# http://bible-truths.com/



## caddy (Mar 10, 2007)

Ok

My brother just printed up a bunch of stuff from this site that my dad handed to me. I have only glanced at it so far. 

Any of you guys have any input on this site before I do some digging?


----------



## panta dokimazete (Mar 10, 2007)

I looked at his stuff at one time - he is a *solo*-scriptura, crackpot type...if I remember correctly...


----------



## panta dokimazete (Mar 10, 2007)

Yeah - this is the same guy - one proof of his heretical standpoints is he denies the Trinity - using all the tired "proofs"....



> As I said before, one cannot be both "of" something or someone and at the same time "be" that something or someone.
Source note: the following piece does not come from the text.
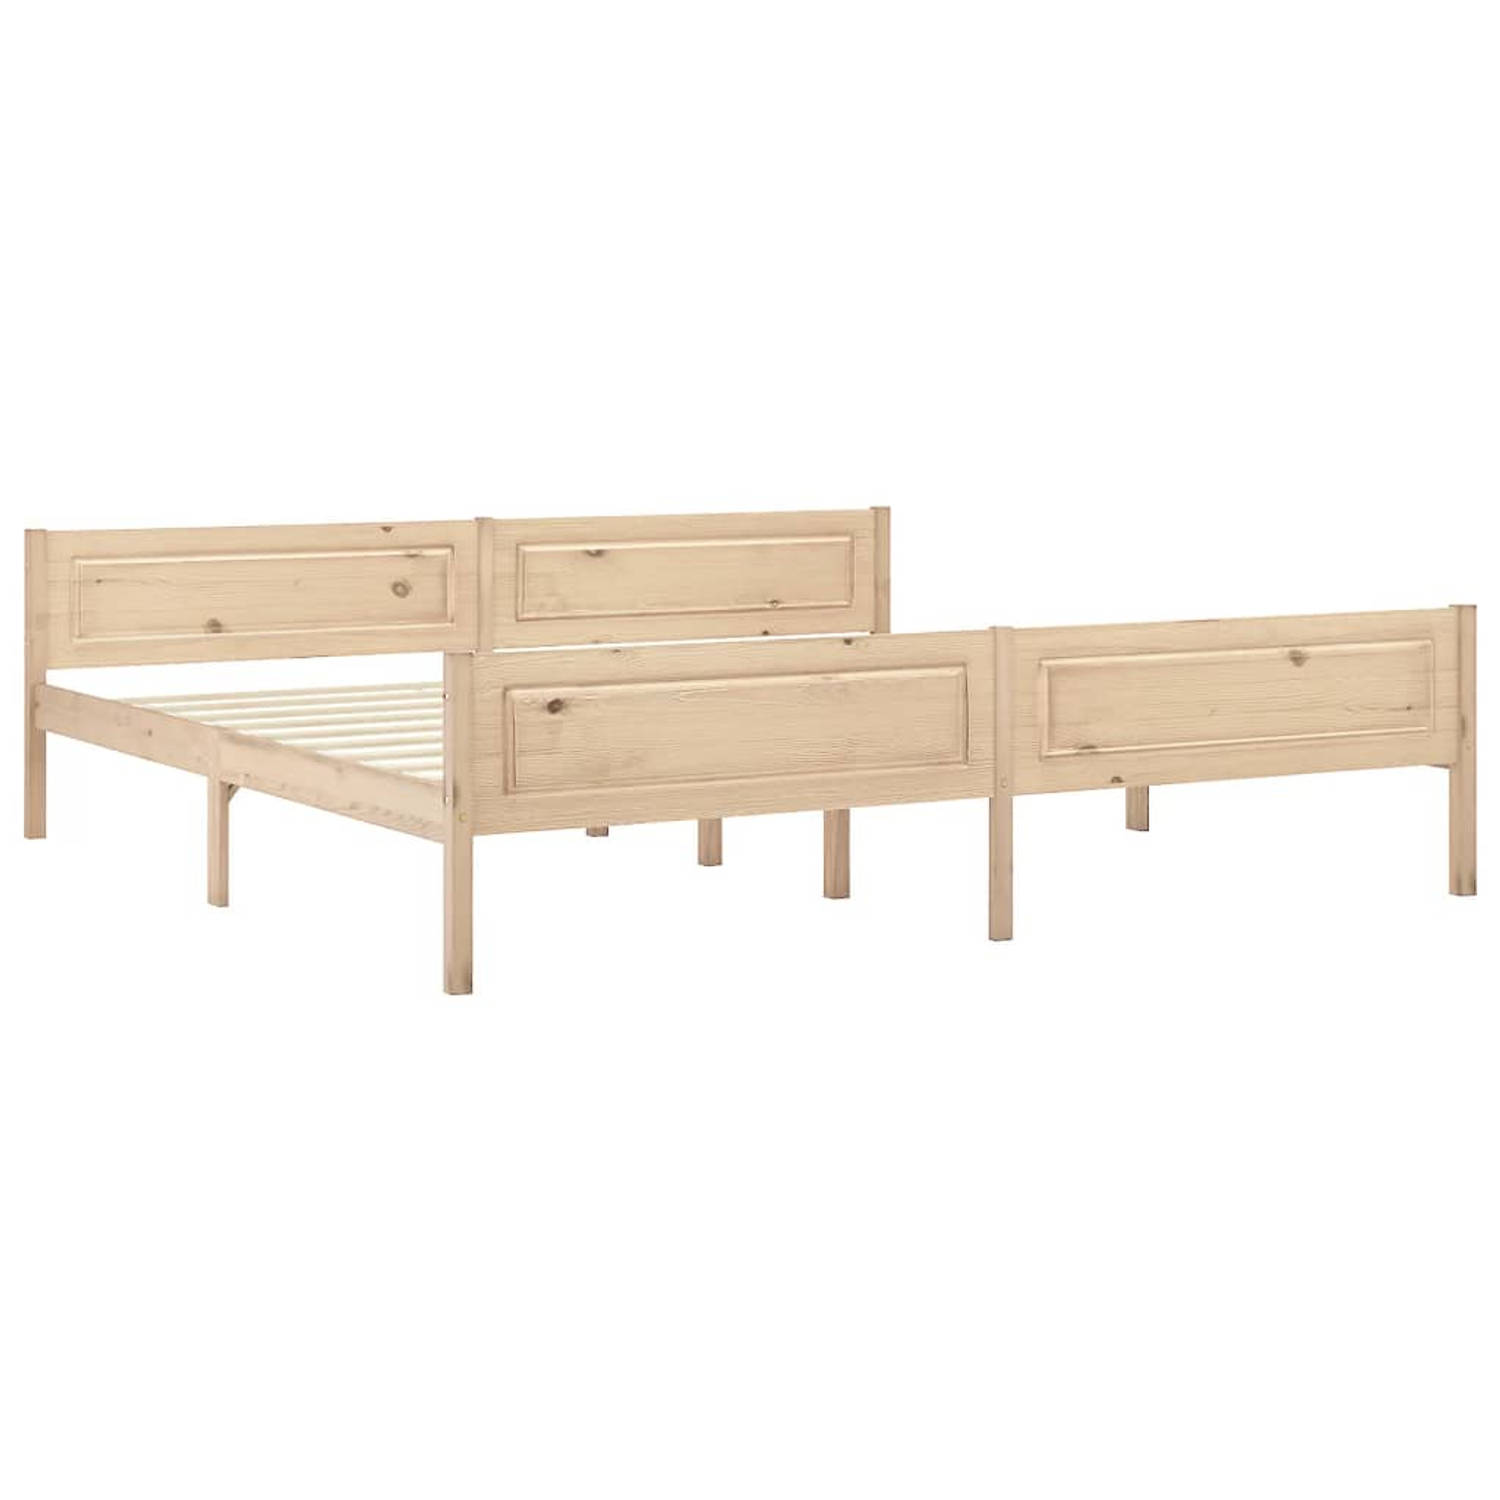 The Living Store Bedframe massief grenenhout 200x200 cm - Bedframe - Bedframe - Bed Frame - Bed Frames - Bed - Bedden - 2-persoonsbed - 2-persoonsbedden - Tweepersoons Bed
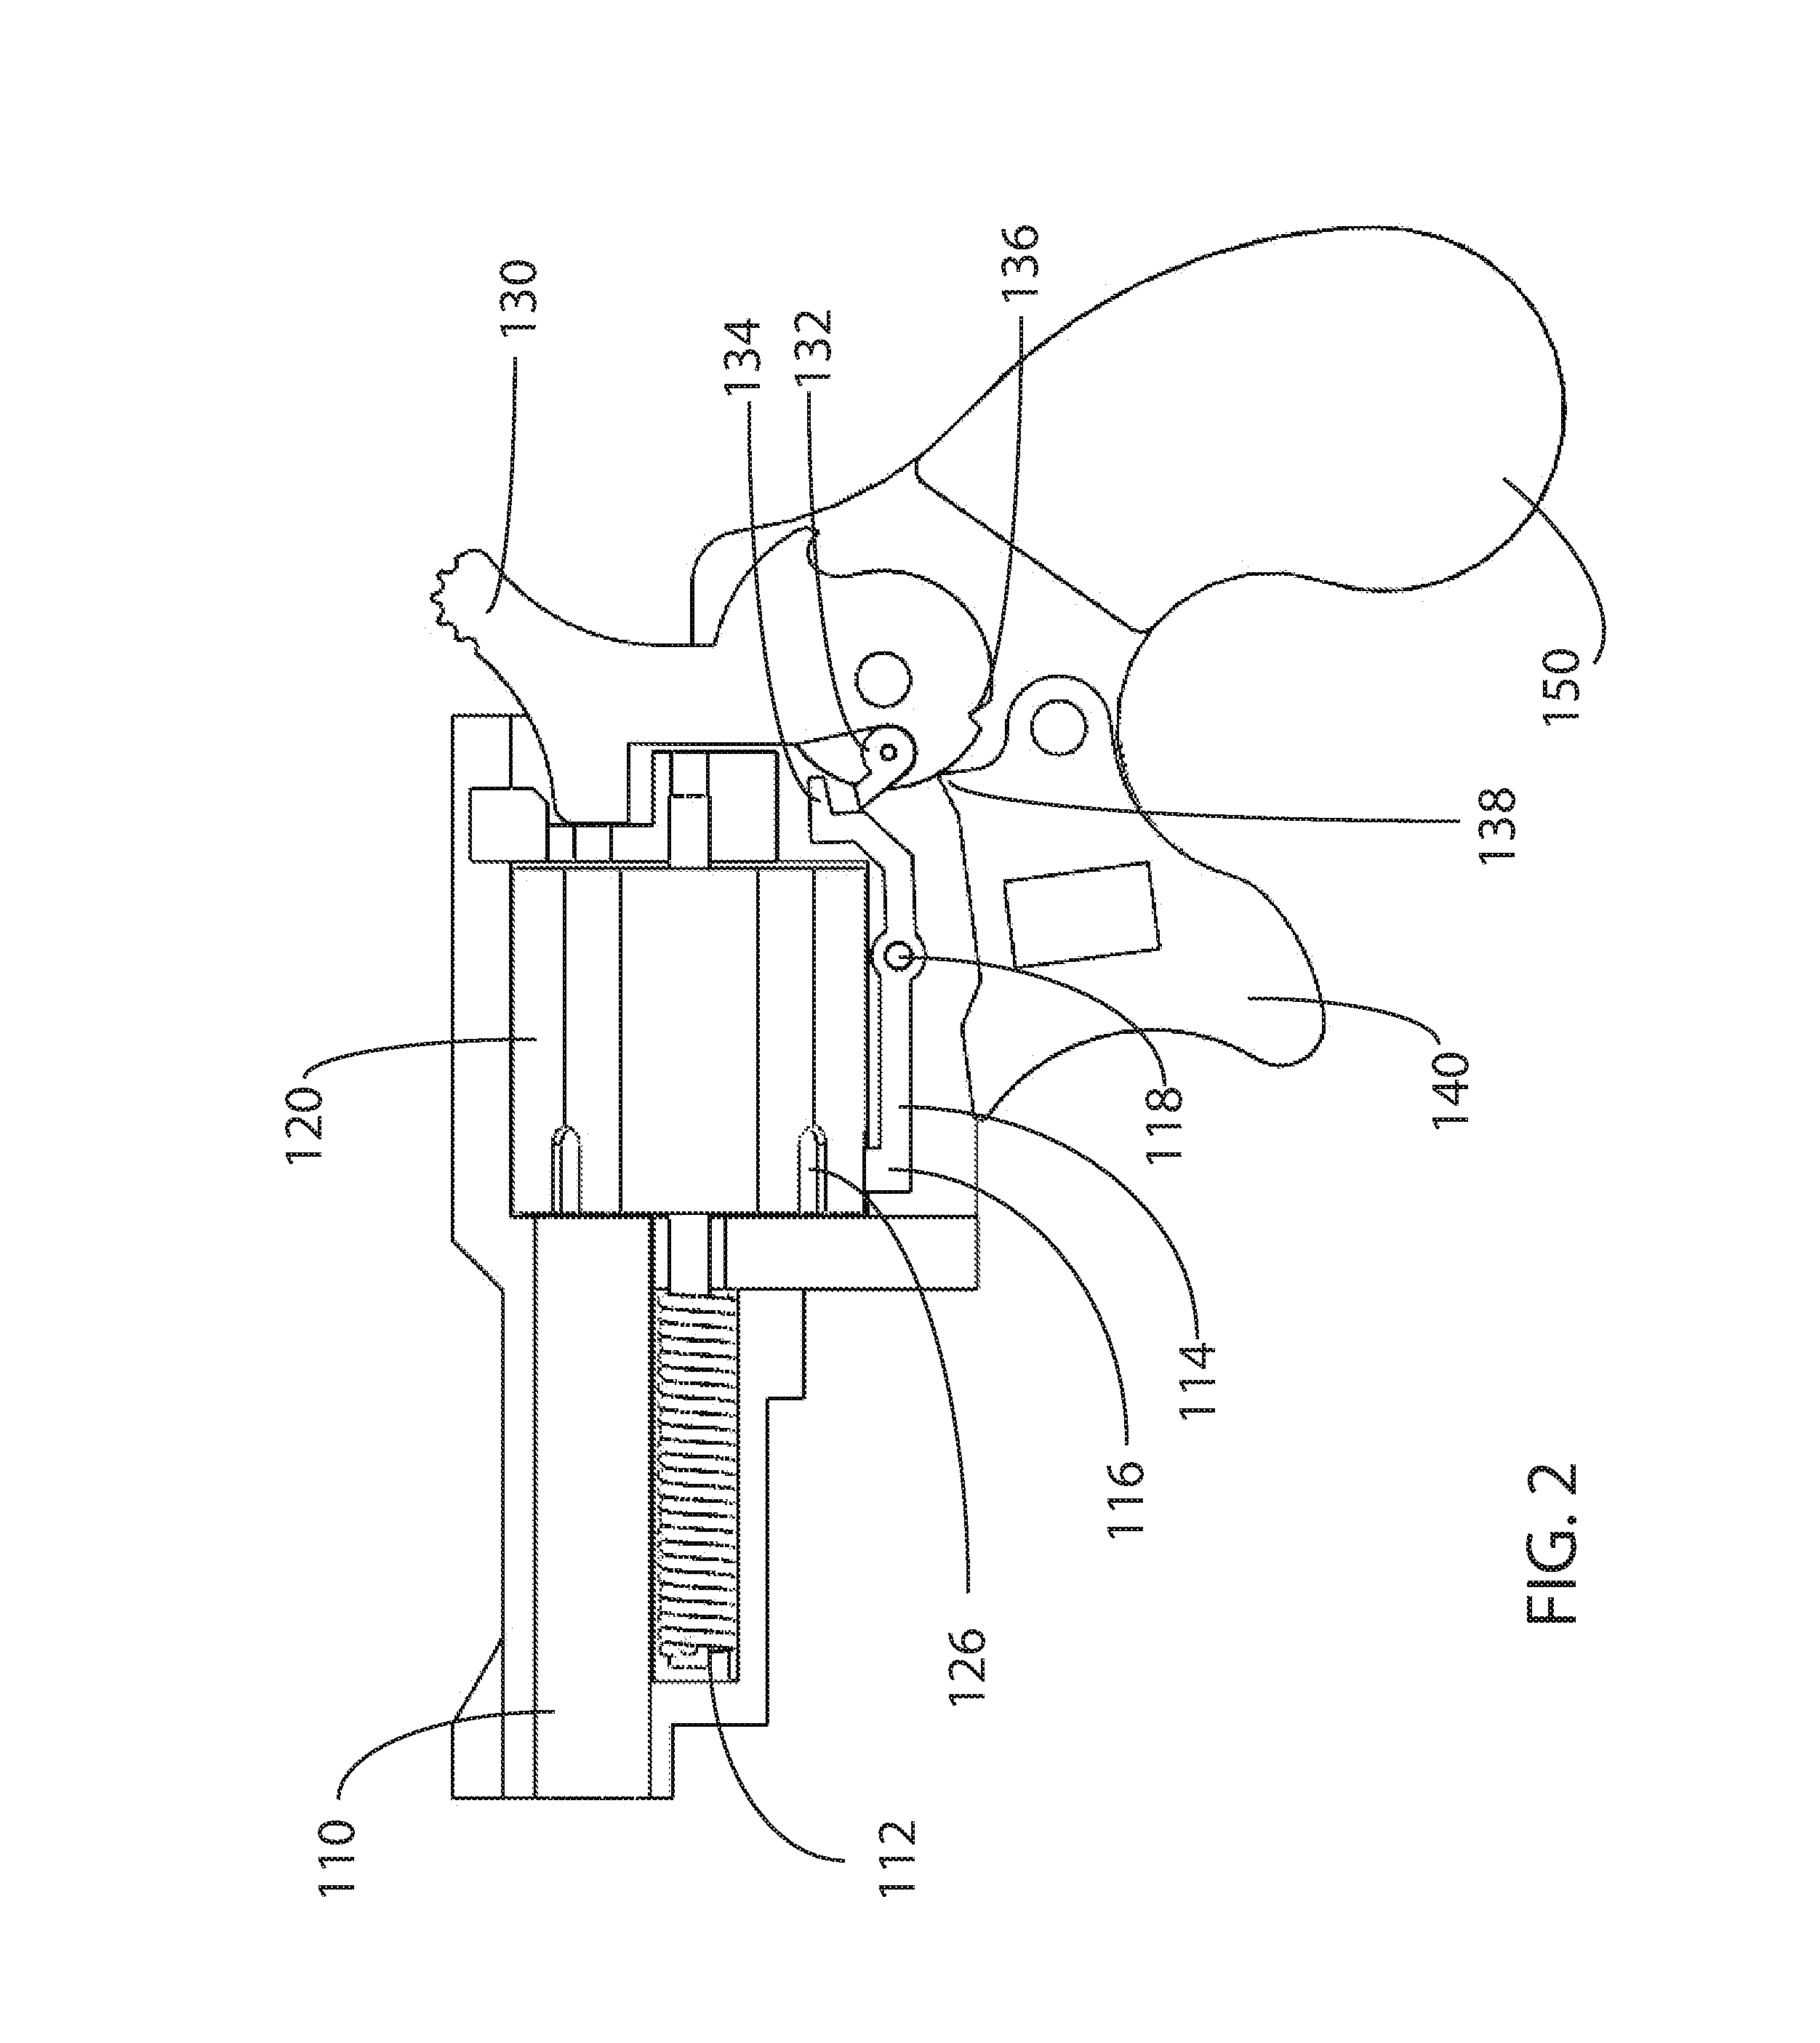 Extendable Tang for a Firearm

There is certainly no trilateral, triune, trinity of God here!



oy...he is a law unto himself...thus not to be trusted...


----------



## crhoades (Mar 10, 2007)

Also after a quick skim of the site he denies eternal punishment in hell and is a universalist saying that all will be saved. So yes. This guy is cultish/false prophet.


----------



## caddy (Mar 10, 2007)

^
Agreed.


----------



## caddy (Mar 29, 2007)

http://www.puritanboard.com/showthread.php?t=20268

In order to combine with this thread. if Possible

I understand that bible-truths site is not sound, but does anyone have anymore input on a more specific basis?


----------



## caddy (Mar 29, 2007)

L.Ray Smith:

http://www.tektonics.org/qt/smithlr02.html

http://bible-truths.com/student.htm


----------